Week of June 10, 2022 Weekly Recap & The Week Ahead
“Patient opportunism, buttressed by a contrarian attitude and a strong balance sheet, can yield amazing profits during meltdowns.” ― Howard Marks
1. World Bank Warns of Stagflation Risk, Cuts Global Growth Forecast to 2.9% — the World Bank sharply lowered its growth forecast for the global economy for this year, warning of several years of high inflation and tepid growth reminiscent of the stagflation of the 1970s.
Citing the damage from the war in Ukraine and the Covid-19 pandemic, the bank said global growth is expected to slump to 2.9% in 2022 from 5.7% in 2021, significantly lower than its January forecast for 4.1% growth. Furthermore, growth is expected to hover around the reduced pace over 2023 and 2024 as the war disrupts human activity, investment and trade while governments withdraw fiscal and monetary support.
2. Moderna Booster Targeting Omicron Shows Stronger Immune Response Than Original Vaccine — Moderna modified Covid-19 booster shot that targets the Omicron coronavirus variant showed a stronger immune response than the original vaccine. The modified “bivalent” booster shot—mRNA-1273.214—targets both Omicron and the original variant, and was well-tolerated in a study with 437 participants, according to preliminary data. The company’s updated vaccine had side effects comparable to the original booster dose but produced eight times more antibodies, the press release stated. Moderna (ticker: MRNA) will submit the analysis to U.S. regulators in the coming weeks, with the hope that the booster dose will be available in the late summer.

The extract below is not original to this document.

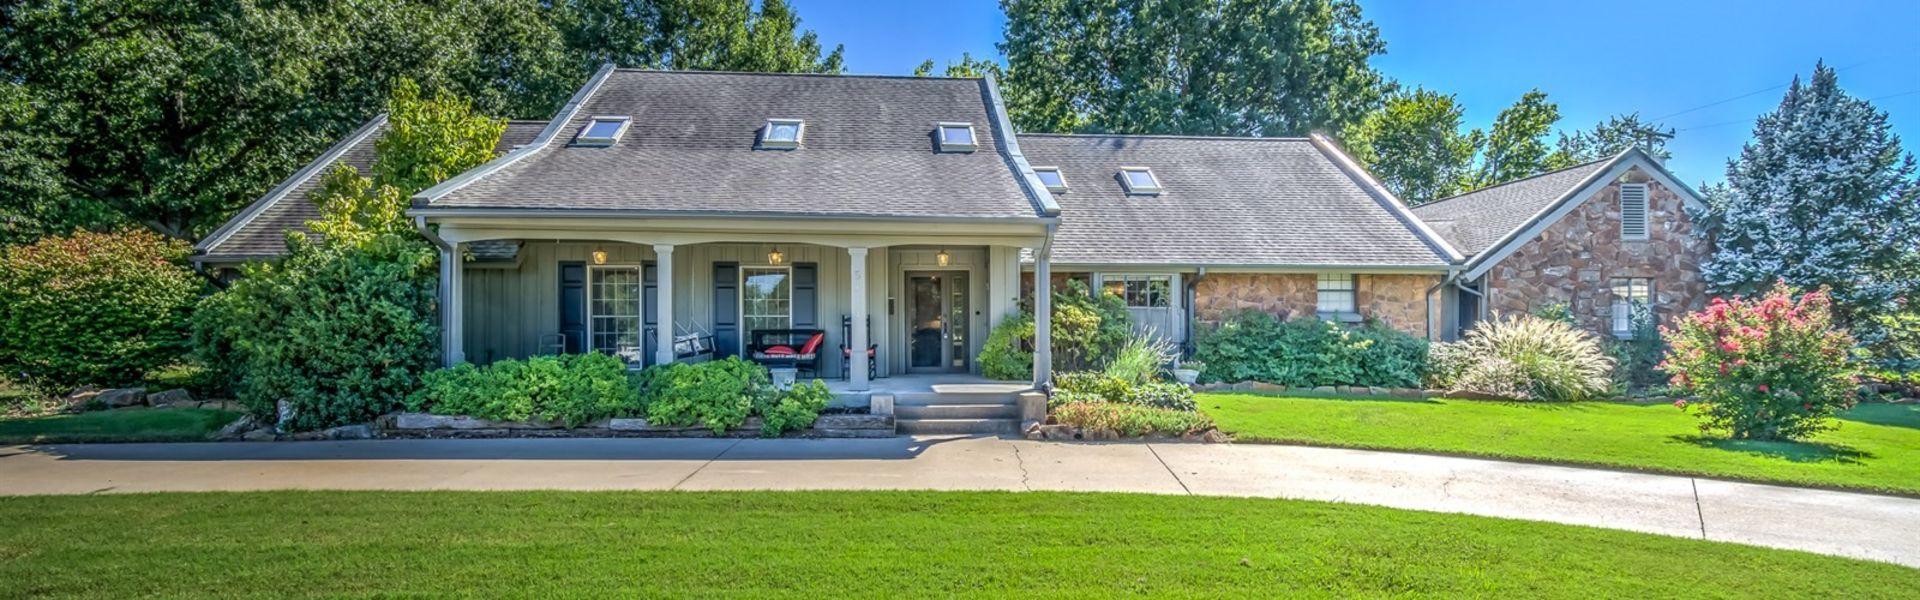 5111 Woodland Rd., Bartlesville, Oklahoma 74006

3. U.S. Considering Reducing Tariffs on China to Ease Inflation — treasury Secretary Janet Yellen said the Biden administration is considering ways to reconfigure tariffs on imports from China as a means of helping to ease decades-high inflation. The Biden administration has been split on whether to pare back tariffs on imports from China in an effort to cut consumer costs and reduce inflation. The administration has been engaged in a legally required review of the Trump-era tariffs. Easing the tariffs could take the form of expanding the list of items excluded from the duties.
4. ECB Plans July Rate Increase as Inflation Problem Deepens — in an unusually detailed statement, the ECB said it intends to raise its key rate by a quarter percentage point at its next policy meeting in July to minus 0.25%, and increase it again in September, possibly by more than 0.25 percentage point. It said it would end its large-scale bond-buying program on July 1. After September, the ECB said it expects a “gradual but sustained path of further increases in interest rates.” Unusually, the bank published its new staff inflation forecasts in its policy statement. They show eurozone inflation of 3.5% in 2023 and 2.1% in 2024, both above the ECB’s target rate.
5. U.S. Inflation Hit 8.6% in May — the Labor Department on Friday said that the consumer-price index increased 8.6% in May from the same month a year ago, marking its fastest pace since December 1981. That was also up from April’s CPI reading, which was slightly below the previous 40-year high reached in March. The CPI measures what consumers pay for goods and services. May’s increase was driven in part by sharp rises in the prices for energy, which rose 34.6% from a year earlier, and groceries, which jumped 11.9% on the year, the biggest increase since 1979. But inflation pressures were distinctly broad-based in May, said Sarah House, senior economist at Wells Fargo Securities.